As described above in detail, according to the variable damping mass damper of the present invention, since the rotation resistance corresponding to the viscosity of the electrorheological fluid is applied to the rotating member and the ball screw, it is provided inside the casing. By changing the voltage applied between the electrode and the electrode provided outside the rotating member, that is, the voltage applied to the electrorheological fluid, the rotation resistance applied to the ball screw, that is, the damping constant and the natural period of the variable damping mass damper are changed. become. Therefore,
The variable damping constant and natural period can be realized with a compact and simple configuration.

[Brief description of the drawings]

FIG. 1 is a front view schematically showing an overall configuration of a variable damping mass damper according to one embodiment of the present invention.

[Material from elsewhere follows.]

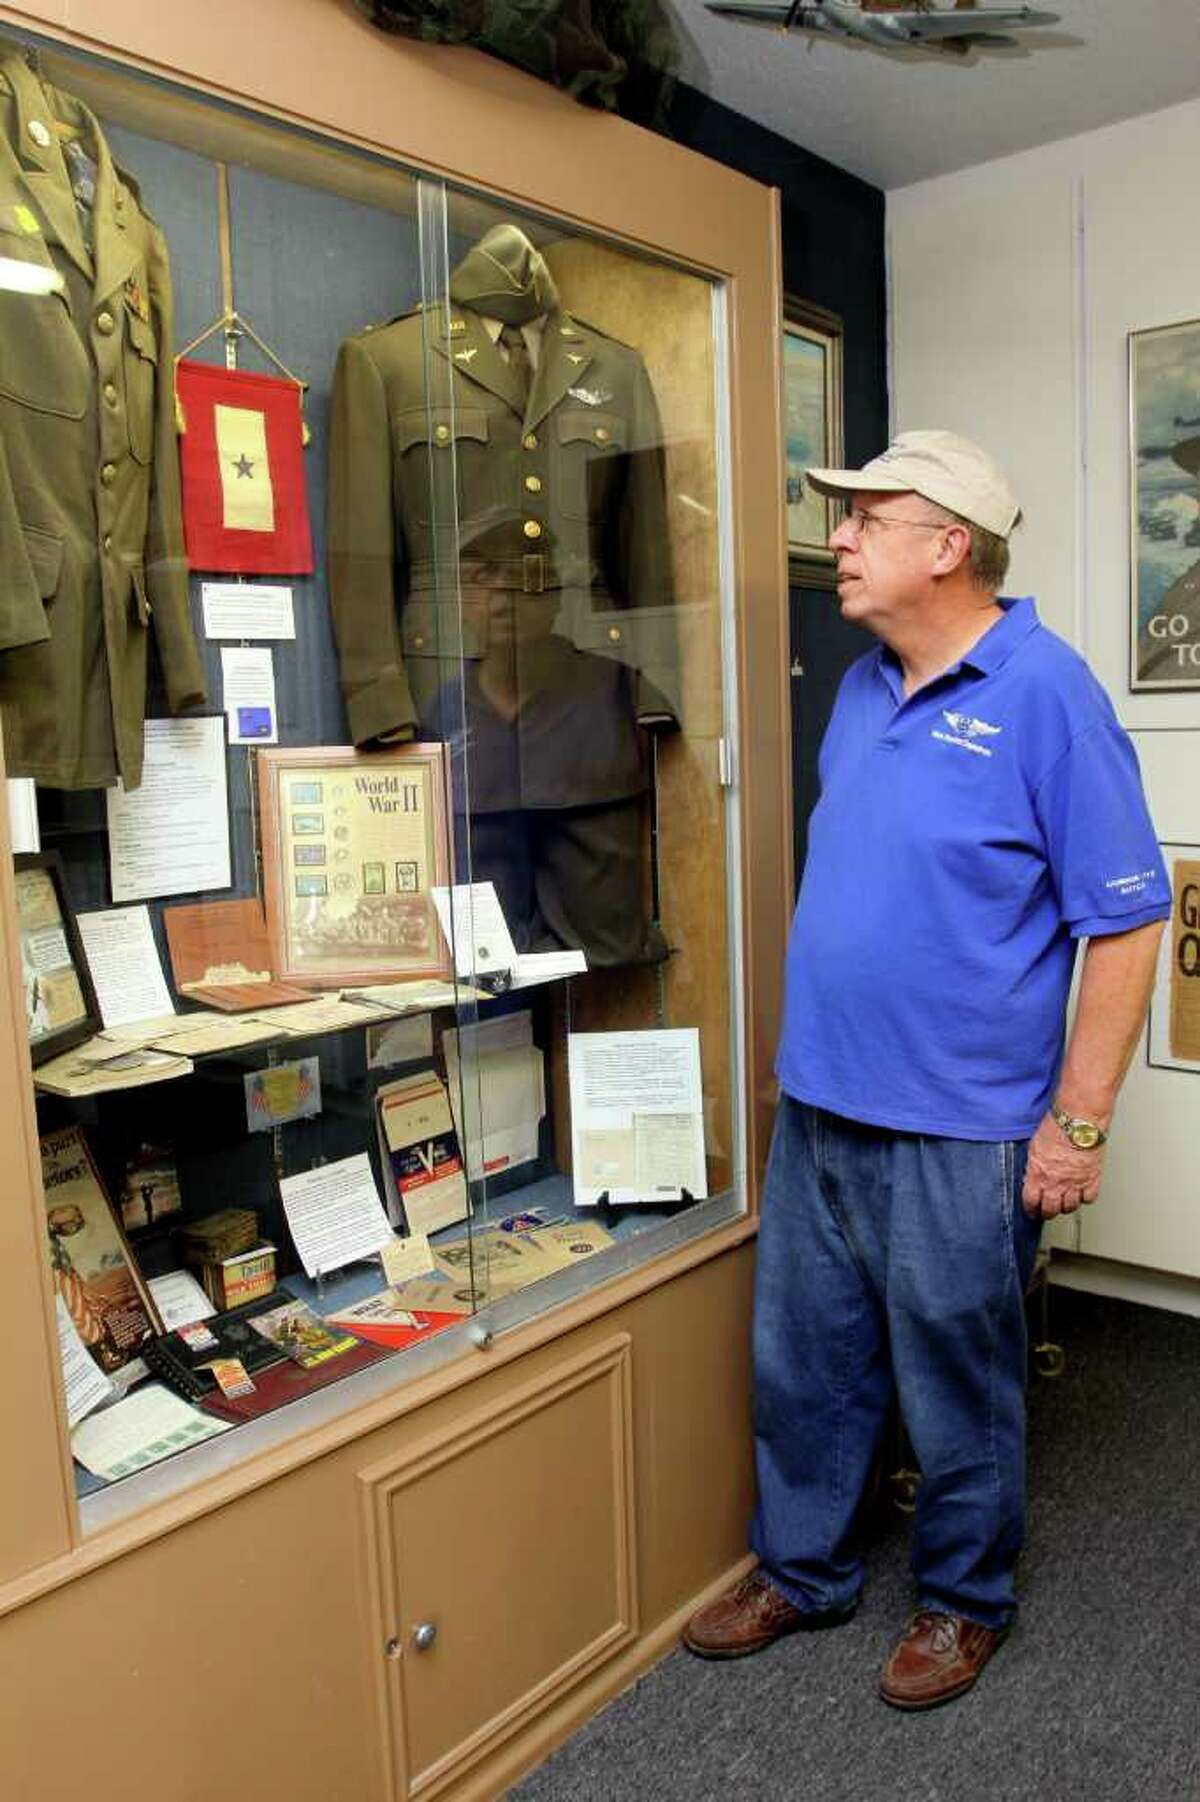 RELICS THAT TELL STORIES: Commemorative Air Force member, Sam Hoynes examines a World War II display case inside the group's museum. The case includes rationing stamps, coins. uniforms and civil defense bonds.

FIG. 2 is a front sectional view schematically illustrating a damping device of a variable damping mass damper according to an embodiment of the present invention.

FIG. 3 is a side sectional view schematically illustrating a damping device of a variable damping mass damper according to an embodiment of the present invention.

FIG. 4 is a front view schematically showing a state of a variable damping mass damper according to an embodiment of the present invention when vibrating.

FIG. 5 is a front view schematically showing an entire configuration of a variable damping mass damper according to another embodiment of the present invention.

[Explanation of symbols]

 DESCRIPTION OF SYMBOLS 1 Variable damping mass damper 2 Installation part 3 Laminated rubber 4 Weight part 7 Reaction table 10 Ball screw 12 Casing 15, 17 Electrode 16 Rotating member 18 Electro-rheological fluid

──────────────────────────────────────────────────続 き Continued on the front page (72) Inventor Fumie Ishikawa 1-3-2 Shibaura, Minato-ku, Tokyo Shimizu Corporation (72) Inventor Yoshihiro Kurita 1-2-2 Shibaura, Minato-ku, Tokyo No. 3 Inside Shimizu Corporation (72) Inventor Shoji Hayashi 1-3-2 Shibaura, Minato-ku, Tokyo Inside Shimizu Corporation (56) Reference JP-A-60-57029 (JP, A) Kaihei 4-237778 (JP, A) JP-A 64-6765 (JP, U) (58) Fields investigated (Int. Cl. ⁷ , DB name) E04H 9/02 341 F16F 9/12 F16F 9/53 F16F 15/02-15/04

Claims (1)

(57) [Claims] 1. A laminated rubber having one end fixed to an installation portion, a weight portion fixed to the other end of the laminated rubber, a reaction table having one end fixed to the installation portion, A mass damper having a ball screw screwed to the other end side so as to extend along the surface direction of the laminated rubber and rotatably supported by the weight portion, wherein the ball screw is fixed to the weight portion and inserted. Together with a casing provided with electrodes on the inside, and a rotating member fixed to the ball screw inside the casing and provided with electrodes on the outside, and inside the casing,
A variable damping mass damper characterized by enclosing an electrorheological fluid whose viscosity is controlled by an applied voltage.